Hi! About two years ago, a dear friend made me try a rhubarb pie for the first time in my life (I´m from Venezuela), and I really liked it. Now I want to make one for my husband, but I´m clueless as to how to pick rhubarb at the grocery store, cook it and make the pie. Could someone give me some tips or info where to find how to cook it?
Thank you very much!
Rocio :chef:


----------



## patlaw (Apr 26, 2005)

Choose firm, crisp stalks, avoid ones with wilted leaves, good deep red color. Pink indicates a hothouse plant which is less flavorful. My husband usually combines rhubarb with another fruit -- strawberry, cherry, most recently pineapple which was surprisingly good. I'll ask him for his basic recipe this evening, but both Carole Walter's Great Pies and Tarts and Rose Levy Beranbaum's The Pie and Pastry Bible have good recipes.


----------



## patlaw (Apr 26, 2005)

Just got my Epicurious e-mail newsletter which has a wonderful-sounding recipe for Rhubarb Lattice Pie with Cardamom and Orange. Check it out:
http://www.epicurious.com/recipes/re...231903?mbid=RF


----------



## rocio (Feb 8, 2005)

Thank you so very much!!! I´ll follow your tips and try this recipe!!!
Rocio :chef:


----------



## markv (May 16, 2003)

STRAWBERRY RHUBARB CRISP

For the filling:

1 lb roughly chopped rhubarb. (Buy a little more than a pound so after you trim the ends you are left with a full pound).
1 ½ cups sugar
½ cup water
2 tablespoons corn starch
1 lb strawberries, stem end cut and then quartered.

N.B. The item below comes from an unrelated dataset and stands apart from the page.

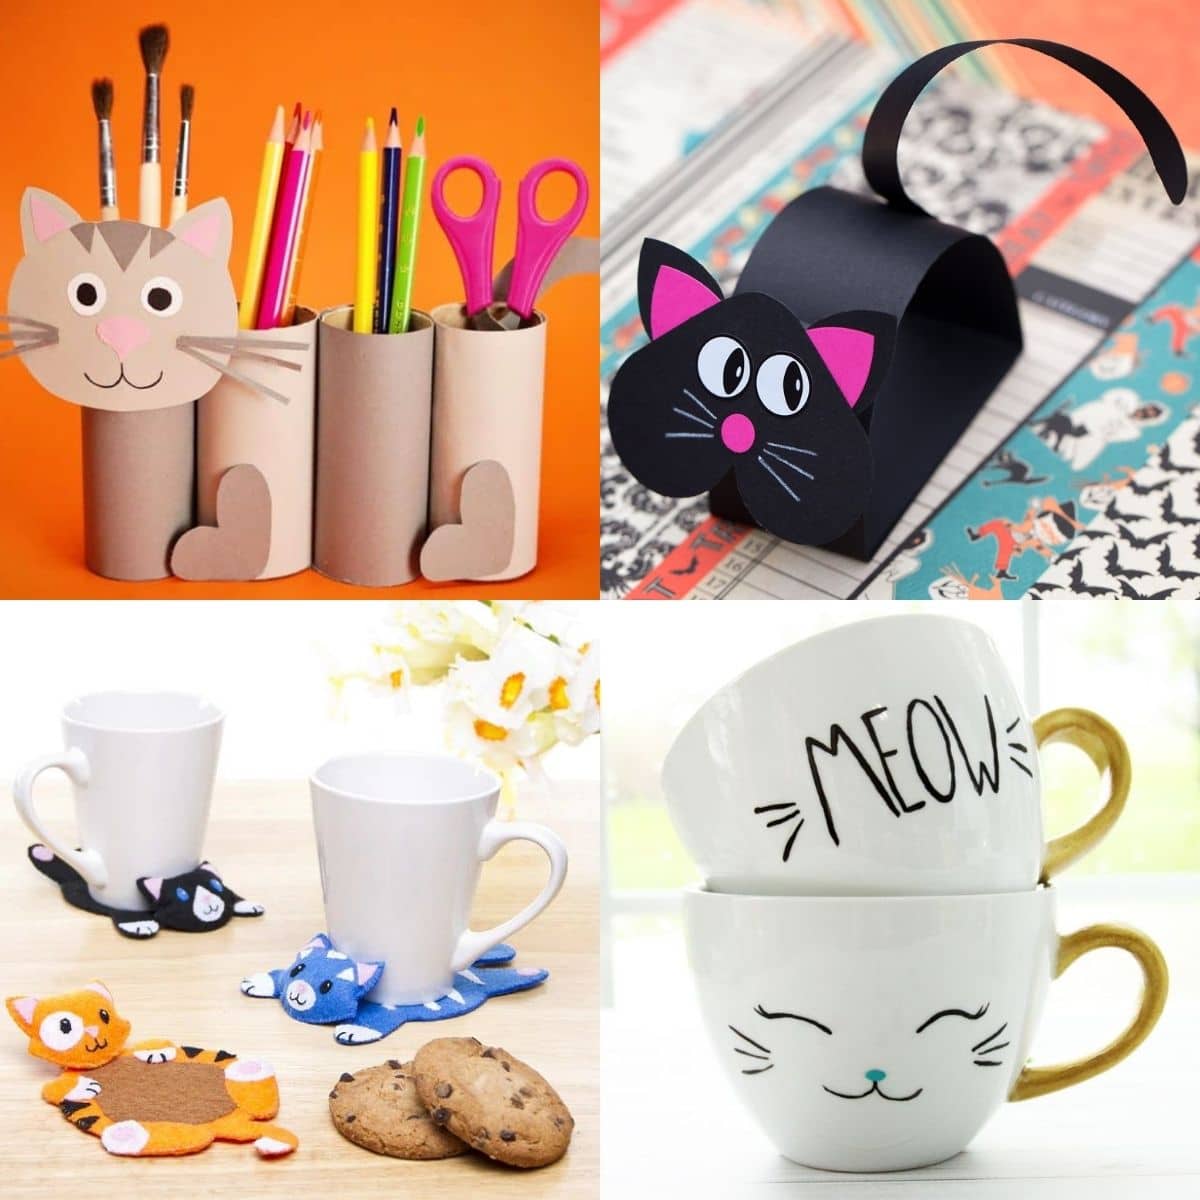 Purrfectly cute cat craft using air drying clay - NurtureStore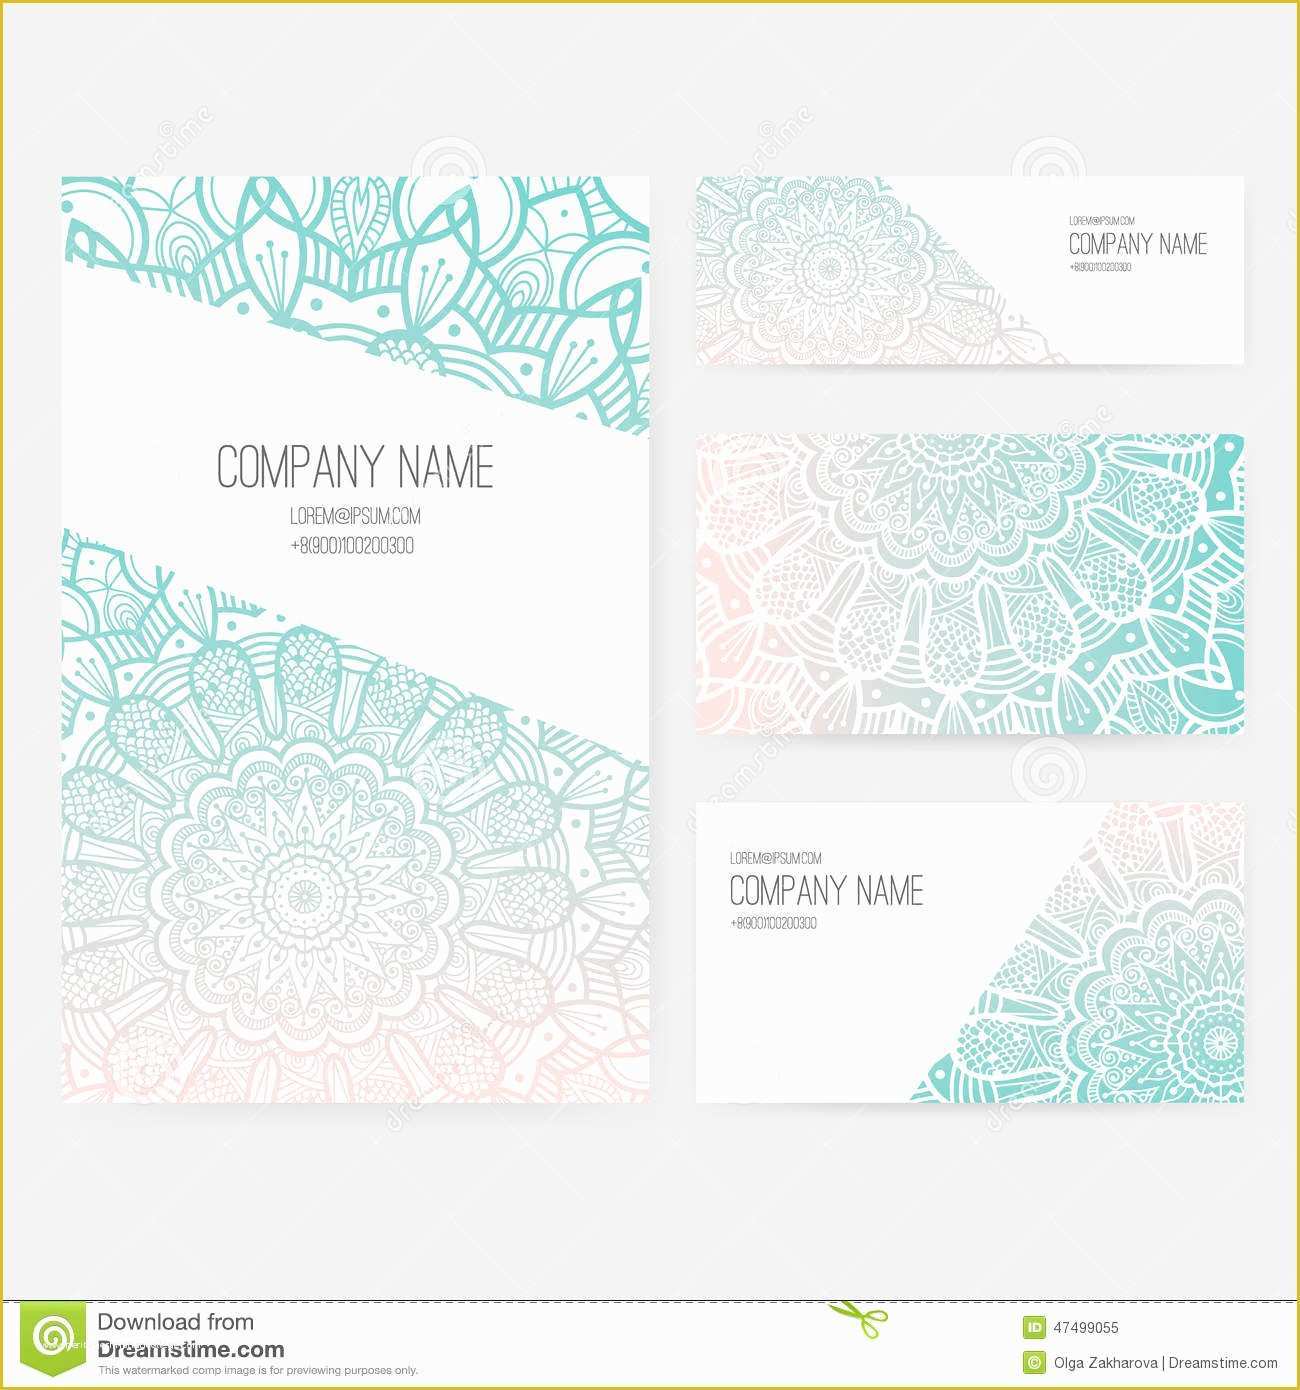 Islamic Website Templates Free Download Of Presentation Vector Kit Stock Vector Image

Mix all of the above ingredients except the strawberries, and simmer in a saucepan until it thickens, about 10-15 minutes. While the filling is cooking, make the topping:

1 cup all purpose flour
1 cup instant oatmeal
5 oz. brown sugar
½ teaspoon cinnamon
½ teaspoon nutmeg
Pinch of salt
5 oz cold butter, diced

Mix all the ingredients, except the butter, in an electric mixer. Then add the butter one piece at a time and continue to mix until a coarse meal is attained. Allow the filling to cool and then mix in the strawberries. Pour the filling into a nine-inch cake pan, top it with the crust and bake it for 20 minutes at 425 degrees. Serve it with your favorite ice cream.


----------



## kuchencake (Apr 13, 2005)

I am crazy about rhubarb! In Germany I found that they commonly paired it with mango. I have made rhubarb mango chutney, rhubarb mango preserves, rhubarb mango pie. I have also used cardamon, dried plumbs, orange/lemon zest, pineapple, ginger, and cinnamon to compliment it.(not all at the same time!) You can make some great savory sauces with rhubarb to go with pork or chicken. Saute some onions and garlic in butter, add some rhubarb, cider vinegar, sugar, fresh ginger, salt and pepper. simmer until tender then puree smooth. 
Or just eat the rhubarb fresh, peeled with a sprinkle of salt  
For pie just peel and cut to bite size pieces. Flour and sugar,seasonings toss together and put in a crust. Top with crust or meringue. When I make a meringue pie I add the yolks to the pie mixture. It makes a more creamy filling.


----------



## ozarkrose (Apr 4, 2005)

The best "secret" is to buy it in season which varies greatly on what climate you're in. It's considered a cool weather plant. You can peel each stalk then chop and toss in some sugar to coat and freeze.
Remember to NEVER eat the leaves; they're toxic.


----------



## keeperofthegood (Oct 5, 2001)

Hey oh

Oo this is a fun plant. Yes, the leaves are high in oxalic acid. While nice and zingy, it takes a long time for your body to eliminate it. There is a clover plant I eat that is also high in this and th servings are very smal and limited to once a week.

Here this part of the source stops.